Here in Germany though, that history is largely a black hole.

“I don’t remember that we talked about colonialism a lot,” Berlin resident Sanga Lenz, 34, told Al Jazeera. Growing up, her school’s history curriculum centred around the Holocaust, the second world war, and the Cold War. A history teacher once took the class to a slavery exhibition and introduced Lenz to German imperialism. But it wasn’t until 2020 when she stumbled on a photo of an old male relative who was deployed to the colonies that she realised just how deeply connected she was to that past.

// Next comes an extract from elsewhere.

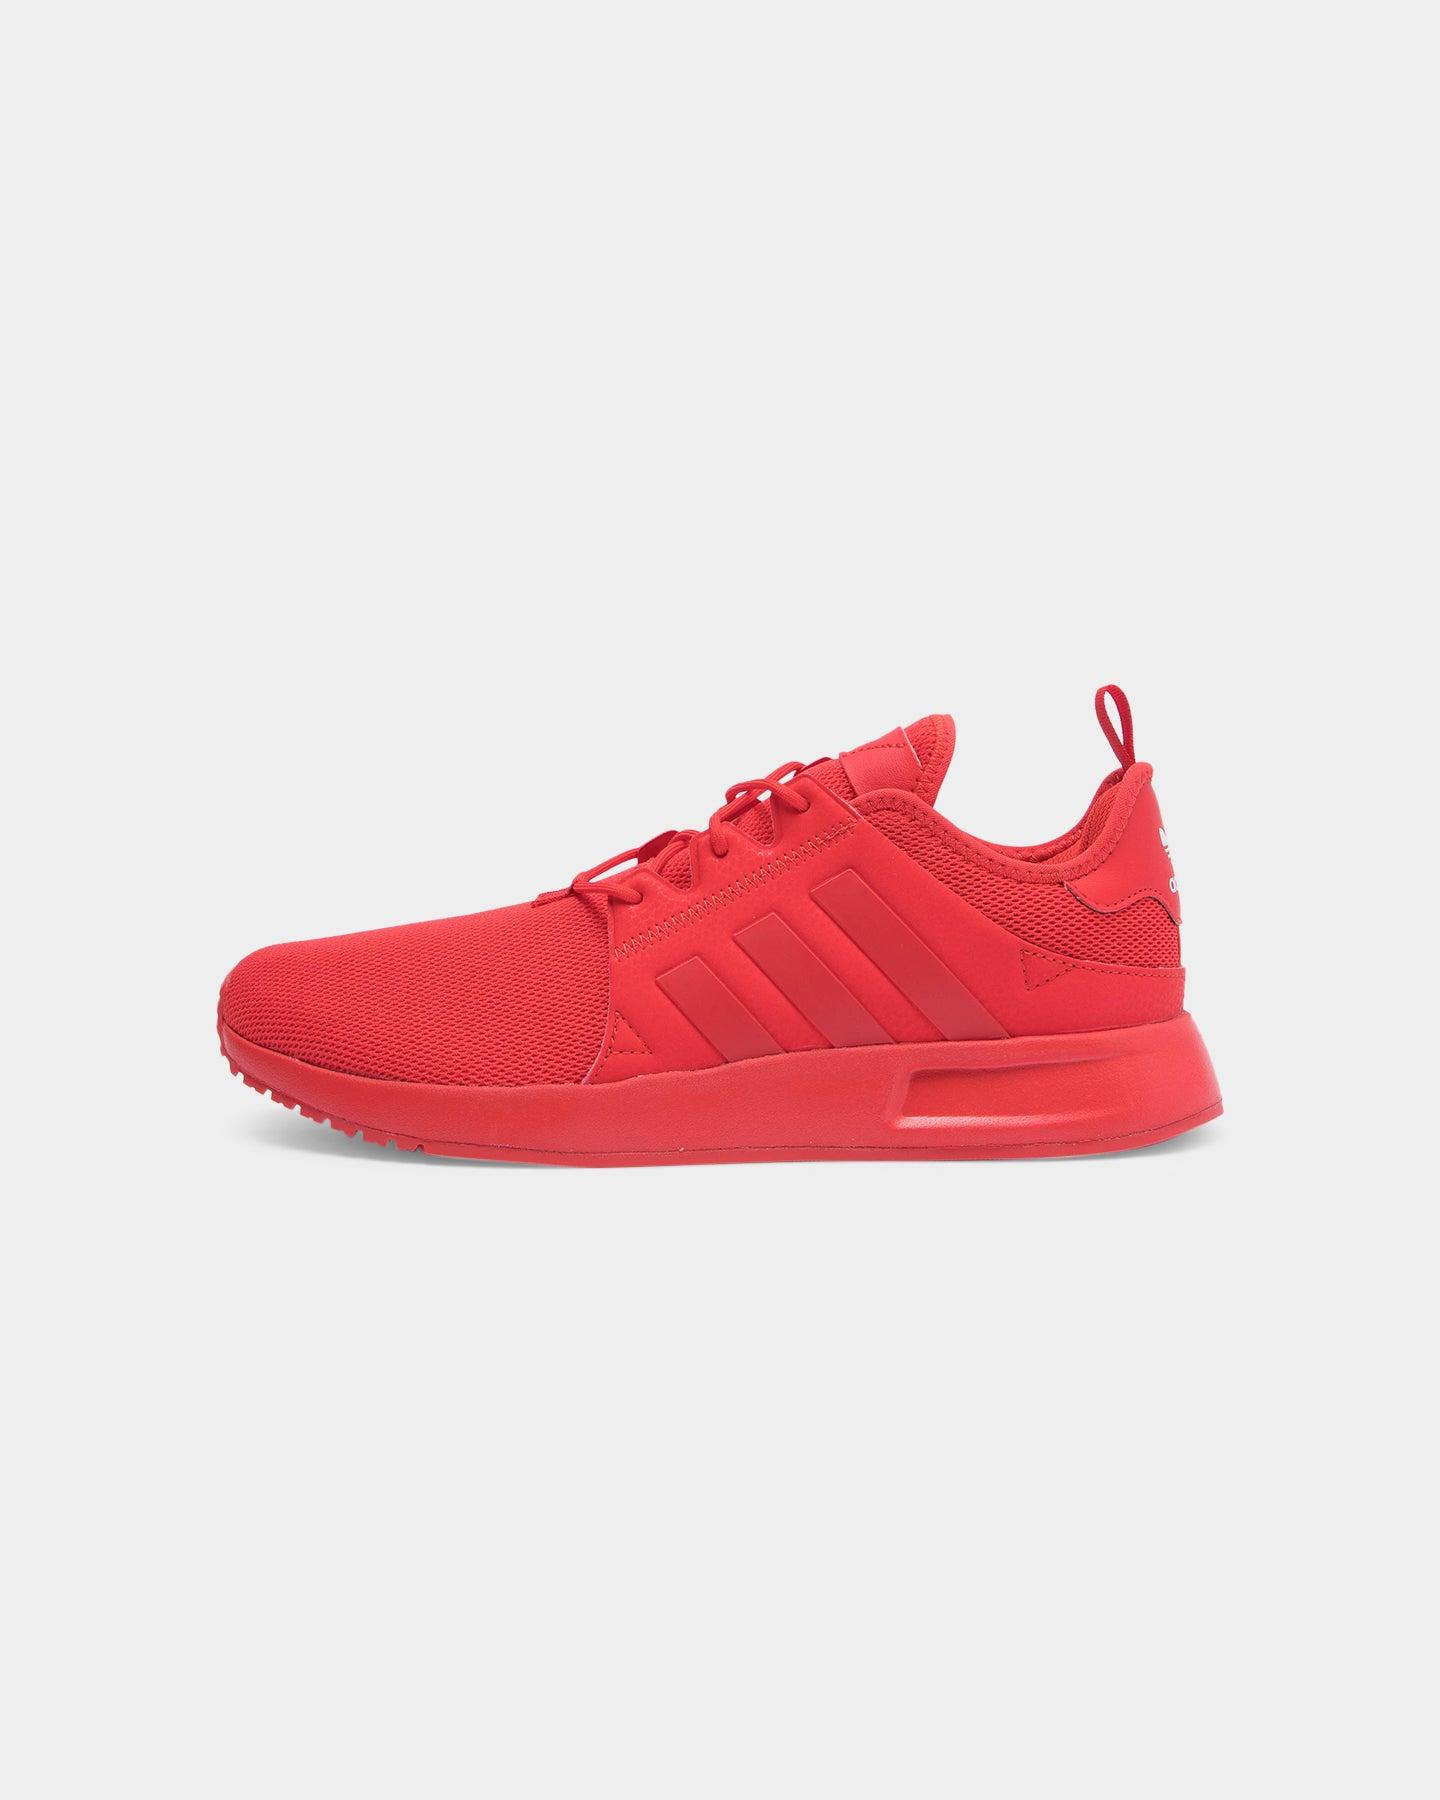 Adidas X_PLR Triple Red | Culture Kings

“He was stationed in German East Africa and he was building these train tracks there. I was like, wait a minute. Of course, this happened, but nobody ever talked about it. Growing up in Germany people talk about how some relatives were Nazis, but no one talks about this history,” Lenz said incredulously.

Johnny Whitlam, a tour guide in the city, said he is one of few who tries to bring his clients through William Street to point out the Africa plaque. “People are usually happy to find out about this, even if that’s not what they came to see,” he said.

“I’d say there’s definitely not enough being done in terms of the awareness of this history,” Whitlam said.

For Nadja Ofuatey-Alazard, an activist and co-director of Each One Teach One (EOTO) which advocates for the interests of Africans and Afro-Germans, Germany has chosen to focus on its most recent dark history but has failed to examine its brutal precursor.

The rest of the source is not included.